**WORK TO BE COMPLETED**
Every record, from first to last, should be retyped word for word.

**Dataset items**

================

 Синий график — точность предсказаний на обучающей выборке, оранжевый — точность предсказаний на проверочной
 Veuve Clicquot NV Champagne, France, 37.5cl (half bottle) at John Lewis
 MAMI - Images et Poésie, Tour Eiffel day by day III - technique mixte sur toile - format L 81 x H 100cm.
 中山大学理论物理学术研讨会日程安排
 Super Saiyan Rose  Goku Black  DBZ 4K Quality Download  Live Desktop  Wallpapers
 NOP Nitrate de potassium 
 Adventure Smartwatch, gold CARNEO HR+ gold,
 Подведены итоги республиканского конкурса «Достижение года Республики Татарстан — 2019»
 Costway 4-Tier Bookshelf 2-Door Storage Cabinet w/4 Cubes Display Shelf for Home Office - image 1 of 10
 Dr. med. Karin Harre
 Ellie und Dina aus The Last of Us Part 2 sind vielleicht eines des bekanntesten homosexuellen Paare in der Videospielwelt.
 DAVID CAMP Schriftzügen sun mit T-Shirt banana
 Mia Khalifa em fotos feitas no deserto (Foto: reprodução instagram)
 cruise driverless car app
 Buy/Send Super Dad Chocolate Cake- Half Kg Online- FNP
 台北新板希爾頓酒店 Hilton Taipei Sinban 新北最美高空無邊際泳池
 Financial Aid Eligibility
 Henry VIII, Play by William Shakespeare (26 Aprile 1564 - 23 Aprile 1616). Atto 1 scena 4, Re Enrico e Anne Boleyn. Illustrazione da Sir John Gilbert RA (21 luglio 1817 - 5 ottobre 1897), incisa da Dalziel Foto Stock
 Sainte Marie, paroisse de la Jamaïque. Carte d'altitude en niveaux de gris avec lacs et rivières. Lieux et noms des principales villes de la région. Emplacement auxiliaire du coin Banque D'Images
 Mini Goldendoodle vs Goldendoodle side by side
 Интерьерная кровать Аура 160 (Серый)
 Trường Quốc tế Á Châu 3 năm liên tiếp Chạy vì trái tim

================

**RESPONSE BOX**
 Синий график — точность предсказаний на обучающей выборке, оранжевый — точность предсказаний на проверочной
 Veuve Clicquot NV Champagne, France, 37.5cl (half bottle) at John Lewis
 MAMI - Images et Poésie, Tour Eiffel day by day III - technique mixte sur toile - format L 81 x H 100cm.
 中山大学理论物理学术研讨会日程安排
 Super Saiyan Rose  Goku Black  DBZ 4K Quality Download  Live Desktop  Wallpapers
 NOP Nitrate de potassium 
 Adventure Smartwatch, gold CARNEO HR+ gold,
 Подведены итоги республиканского конкурса «Достижение года Республики Татарстан — 2019»
 Costway 4-Tier Bookshelf 2-Door Storage Cabinet w/4 Cubes Display Shelf for Home Office - image 1 of 10
 Dr. med. Karin Harre
 Ellie und Dina aus The Last of Us Part 2 sind vielleicht eines des bekanntesten homosexuellen Paare in der Videospielwelt.
 DAVID CAMP Schriftzügen sun mit T-Shirt banana
 Mia Khalifa em fotos feitas no deserto (Foto: reprodução instagram)
 cruise driverless car app
 Buy/Send Super Dad Chocolate Cake- Half Kg Online- FNP
 台北新板希爾頓酒店 Hilton Taipei Sinban 新北最美高空無邊際泳池
 Financial Aid Eligibility
 Henry VIII, Play by William Shakespeare (26 Aprile 1564 - 23 Aprile 1616). Atto 1 scena 4, Re Enrico e Anne Boleyn. Illustrazione da Sir John Gilbert RA (21 luglio 1817 - 5 ottobre 1897), incisa da Dalziel Foto Stock
 Sainte Marie, paroisse de la Jamaïque. Carte d'altitude en niveaux de gris avec lacs et rivières. Lieux et noms des principales villes de la région. Emplacement auxiliaire du coin Banque D'Images
 Mini Goldendoodle vs Goldendoodle side by side
 Интерьерная кровать Аура 160 (Серый)
 Trường Quốc tế Á Châu 3 năm liên tiếp Chạy vì trái tim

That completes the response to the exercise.